Thomas Thiele: Schon jetzt lässt sich beobachten, dass KI aus unserem Alltag kaum wegzudenken ist. Für Unternehmen folgen daraus zwei zentrale Aspekte. Zum einen ist die Integration als Teammitglied eine kulturelle Veränderung. Hierbei stehen weniger technische Herausforderungen im Vordergrund, vielmehr ist der Faktor Mensch zentral. Nur, wenn das neue Teammitglied auch akzeptiert wird, kann es seine Wirkung entfalten. Dies gilt für menschliche, KI- und hybride Teams gleichermaßen.

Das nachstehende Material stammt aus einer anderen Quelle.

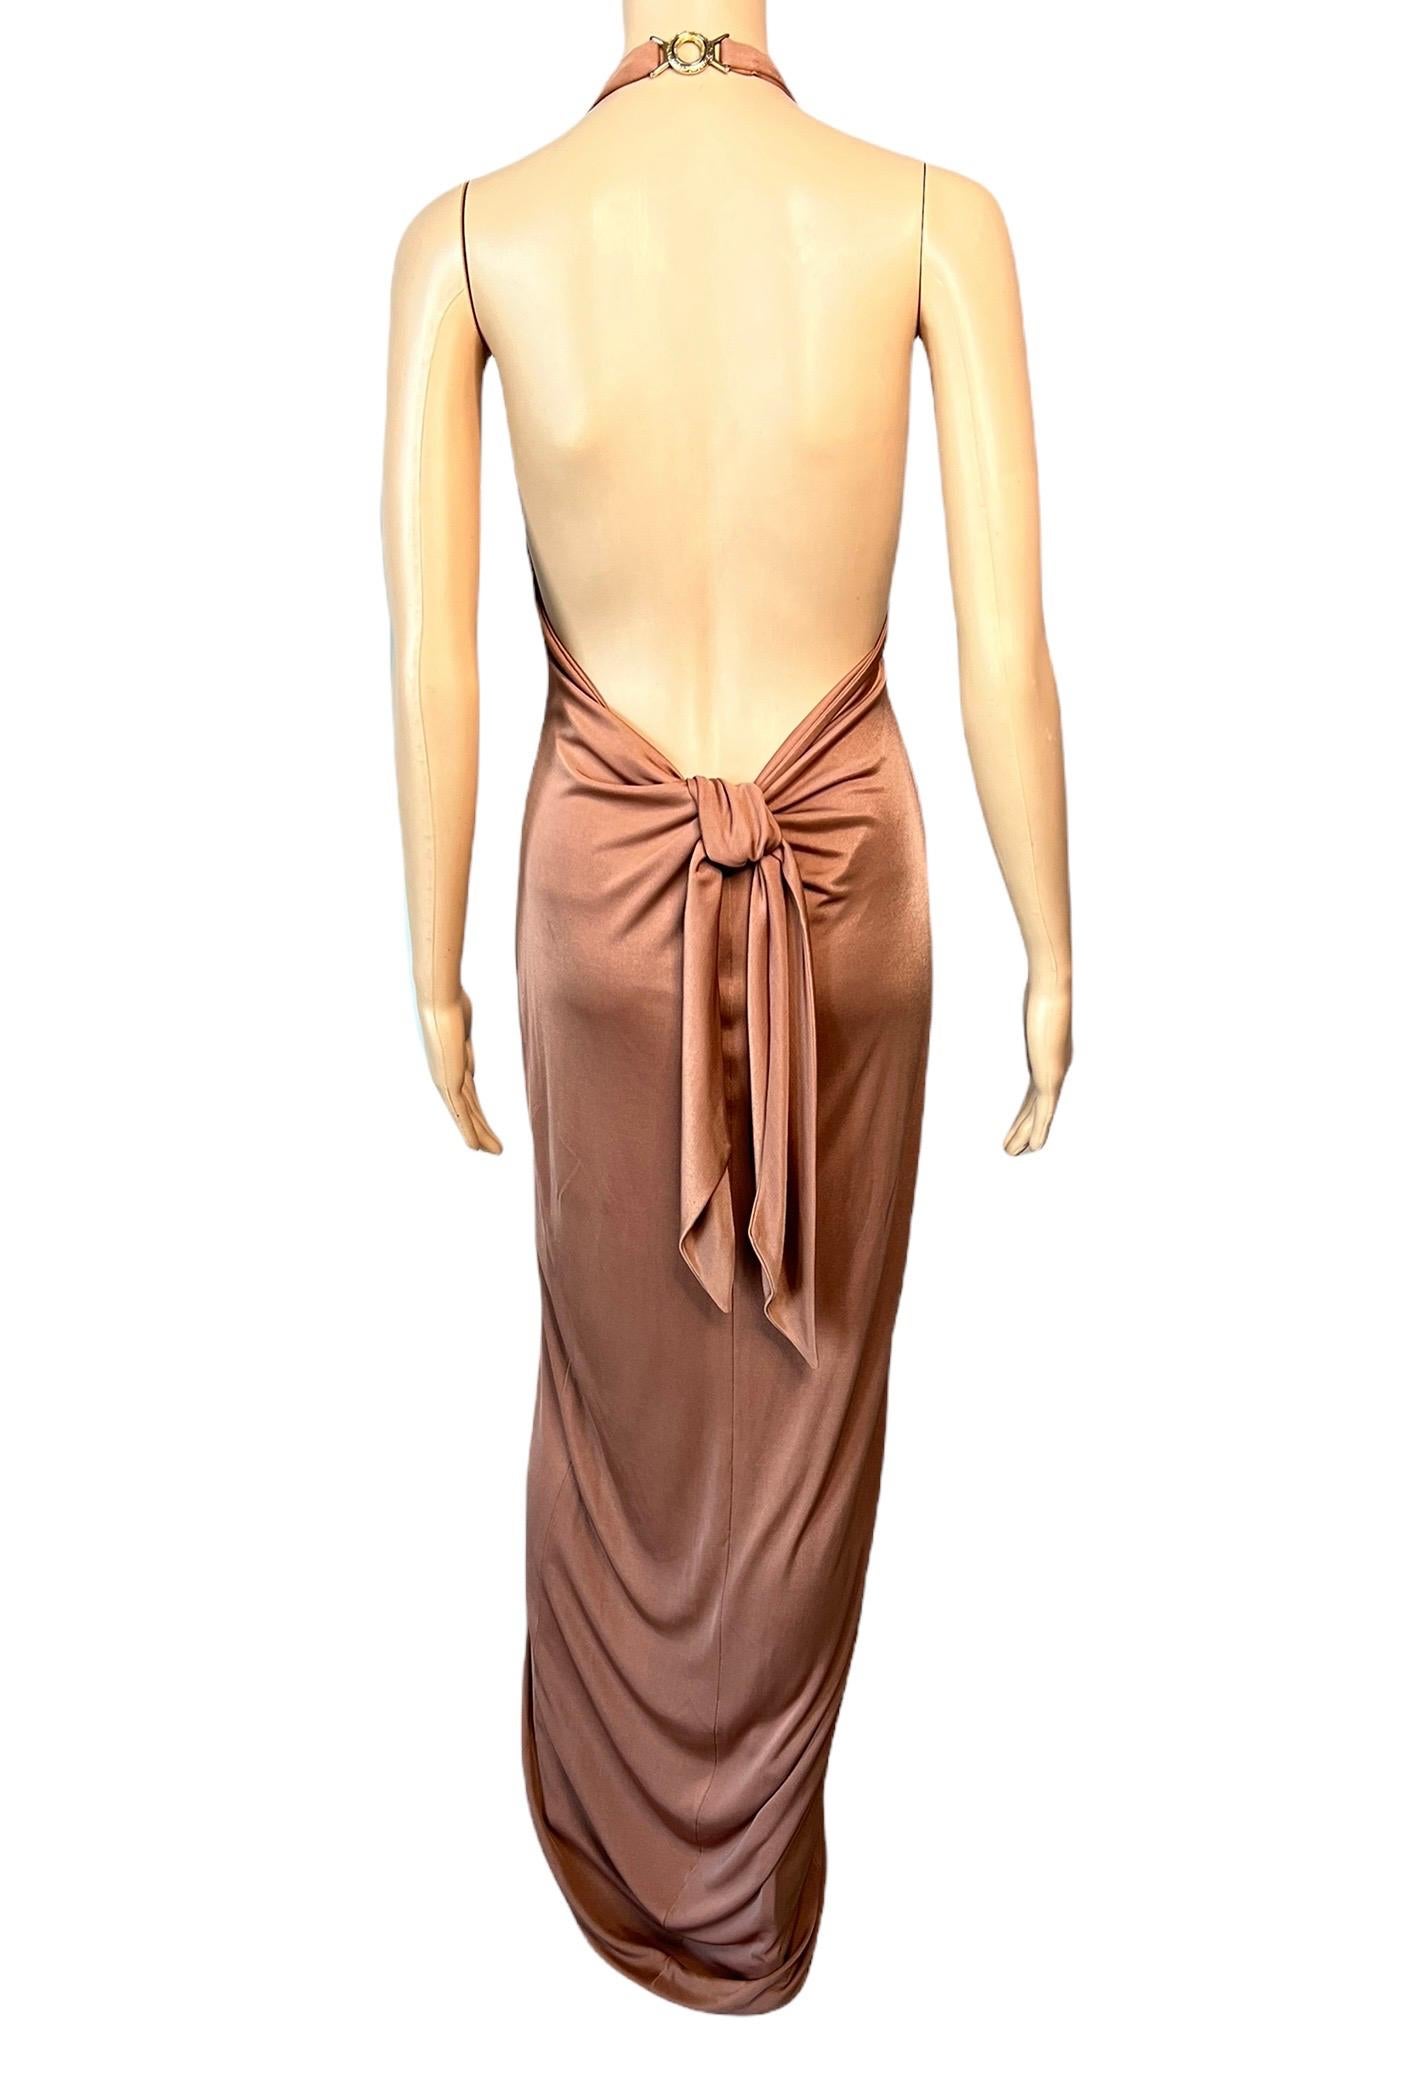 Versace S/S 2005 Laufsteg Tief ausgeschnittenes, hochgeschlossenes, gerafftes Abendkleid mit offenem Rücken (Braun)

Unternehmen müssen daher Erfahrungen sammeln, welche Wirkung KI einerseits auf Prozesse und Ergebnisse erzeugt, andererseits die eigene Kultur und Identität bei der Nutzung von KI berücksichtigen. Eine klare Priorisierung kann helfen, die Prozesse zu identifizieren, die besonders von KI profitieren und in denen der Einsatz aufgrund der Mentalität der Mitarbeitenden die größte Wirkung entfaltet.
Herr Thiele, vielen Dank für das Gespräch!